Entry Run Tract/Pocosan Mountain - March 26, 2016

submitted by Iva Gillet and Mark Walkup

     The weather was perfect for a bushwhack, followed by a steady climb, followed by hiking on a nice wide fire road. In the 60’s and sunny, 15 folks gathered at Mark Walkup’s residence in Greene County for an action and history packed day. CairParavel Farm was the starting point for our new trail/bushwhack into PATC’s 244-acre Entry Run Tract for which Mark is the tract manager. A steep descent through boulders and near small caves was followed by a scenic ascent along a stream to a waterfall. Great pictures of Claire Cline, Todd Patrick, and Patrick Cory were taken here. Completing our off-trail section, we reached the John’s Rest trail which seemed very well traveled after the path so far. Passing by the lovely John’s Rest log cabin (relocated from West Virginia by PATC volunteers), we had a brief snack before a steady climb up the Entry Run Trail toward the SNP. Views were awesome as we followed Dan Funkhouser, Pat Choloski, CJ Woodburn and David Crowe up the trail. Bill Holman was sweep to keep us all together. Mark Trail hiked with us today as a prep for his TransAmerica bike ride beginning next week in Yorktown, Va and ending in San Diego, Ca. Iva Gillet enjoyed chatting with Jayne Mayne, joining us from Fredericksburg, and Neil McKinney, who was discussing medical mission trips.

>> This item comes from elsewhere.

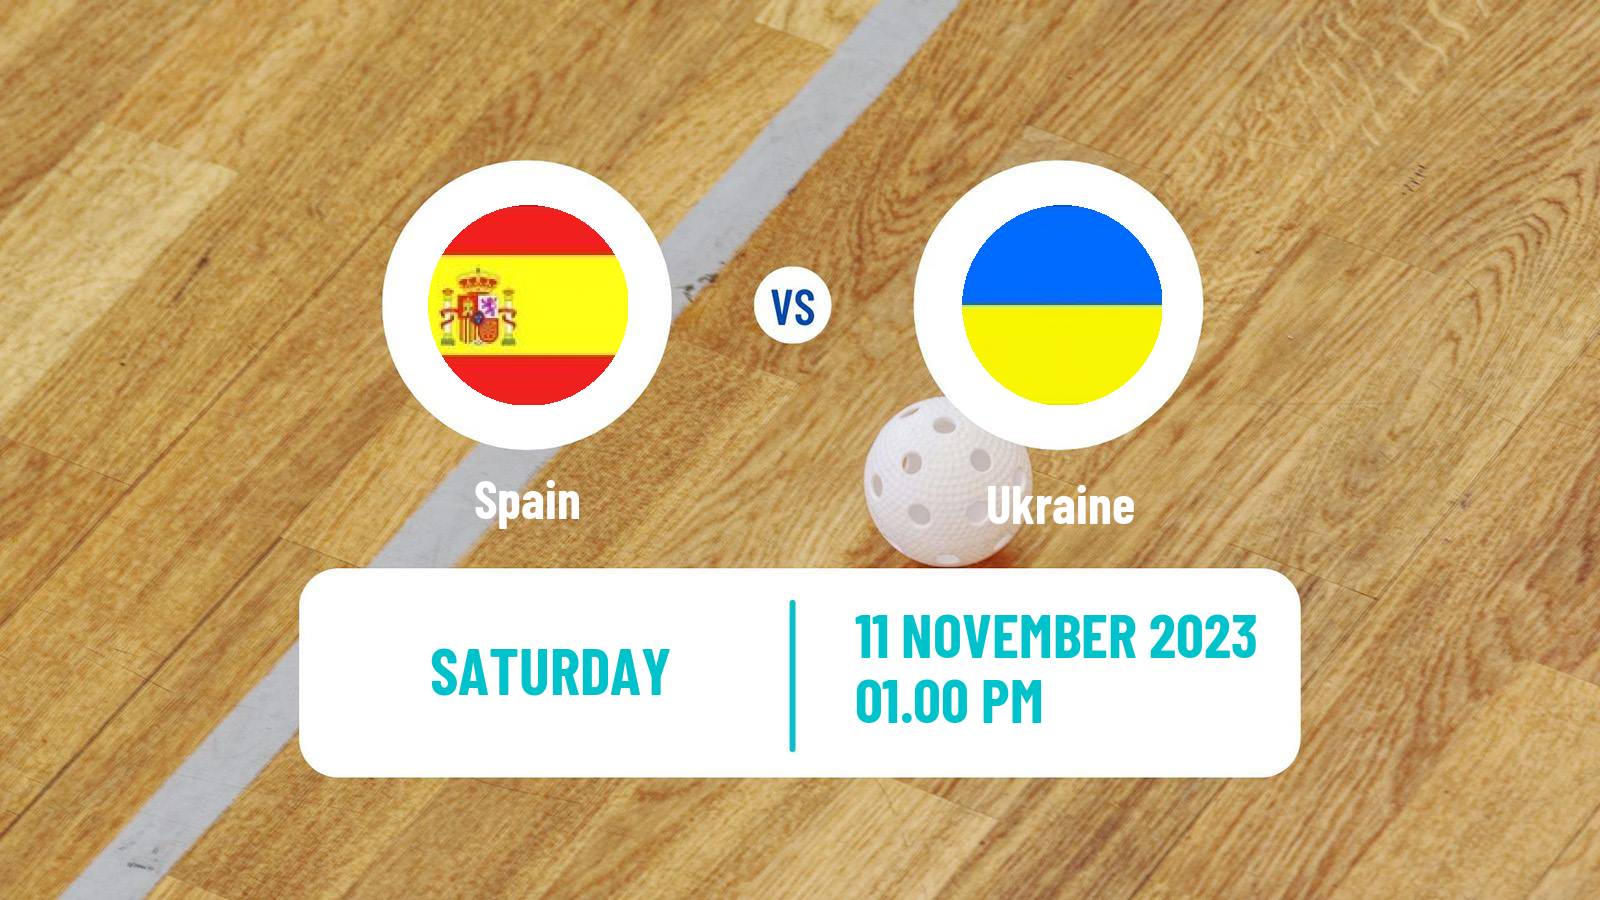 Floorball Friendly International Floorball Spain - Ukraine

Rounding our group were the veteran hiking couple- Bev and Pete Fink. Along the way we passed the Lamb cemetery in the saddle of the ridgeline and the Rosser Lamb cabin (circa 1914), located in a poplar hollow near Entry Run.
     After climbing into SNP backcountry toward Lewis Mountain, we lunched at the ruins of the Upper Pocosin Mission’s school and chapel buildings, which formed a community center from 1905 until the creation of the SNP.  A short retracing of our steps, and the group consensus was to descend on the fire road to avoid more of the hilly terrain. Our final point of interest was a house at the entrance to Rosser Lamb which was built from materials salvaged from the Lower Pocosin Mission. There is a lot of great local history in this area.
Upon returning to the farm, Mark offered farm tours and refreshments to those who had the time. What a wonderful day
we had on Pocosan Mountain, and many thanks to Mark Walkup for sharing his home and the history of the area.